The Current Wisdom is a series of occasional articles in which Patrick J. Michaels and Paul C. “Chip” Knappenberger, from Cato’s Center for the Study of Science, review interesting items on global warming in the scientific literature or of a more technical nature. These items may not have received the media attention that they deserved or have been misinterpreted in the popular press.




We hardly need a high tech fly‐​swatter (although they are fun and effective) to kill this nuisance—it’s so languorous that one can just put their thumb over it and squish.


Jeb Bush’s candidacy? No, rather the purported connection between human‐​caused global warming and the highly‐​publicized spread of the Zika virus.


According to a recent headline in The Guardian (big surprise) “Climate change may have helped spread Zika virus, according to WHO scientists.”

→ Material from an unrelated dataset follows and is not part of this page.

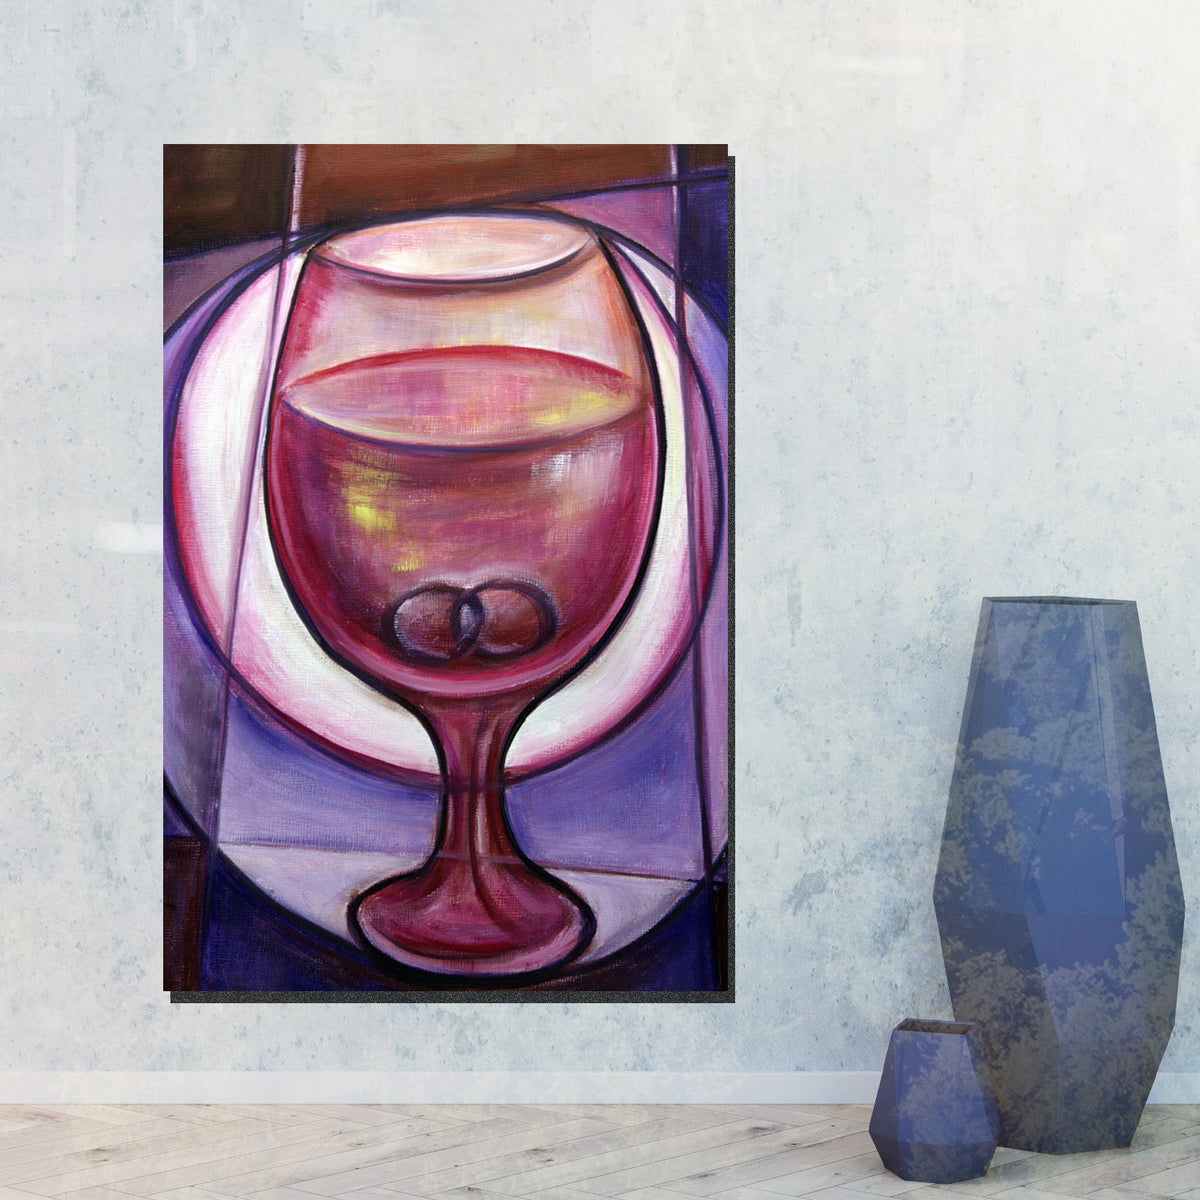 https://cdn.shopify.com/s/files/1/0387/9986/8044/products/WineglasswithtworingsCanvasArtPrintStretched-3.jpg

Here are a few salient passages from The Guardian article:

“Zika is the kind of thing we’ve been ranting about for 20 years,” said Daniel Brooks, a biologist at University of Nebraska‐​Lincoln. “We should’ve anticipated it. Whenever the planet has faced a major climate change event, man‐​made or not, species have moved around and their pathogens have come into contact with species with no resistance.”

And,

“We know that warmer and wetter conditions facilitate the transmission of mosquito‐​borne diseases so it’s plausible that climate conditions have added the spread of Zika,” said Dr. Diarmid Campbell‐​Lendrum, a lead scientist on climate change at WHO.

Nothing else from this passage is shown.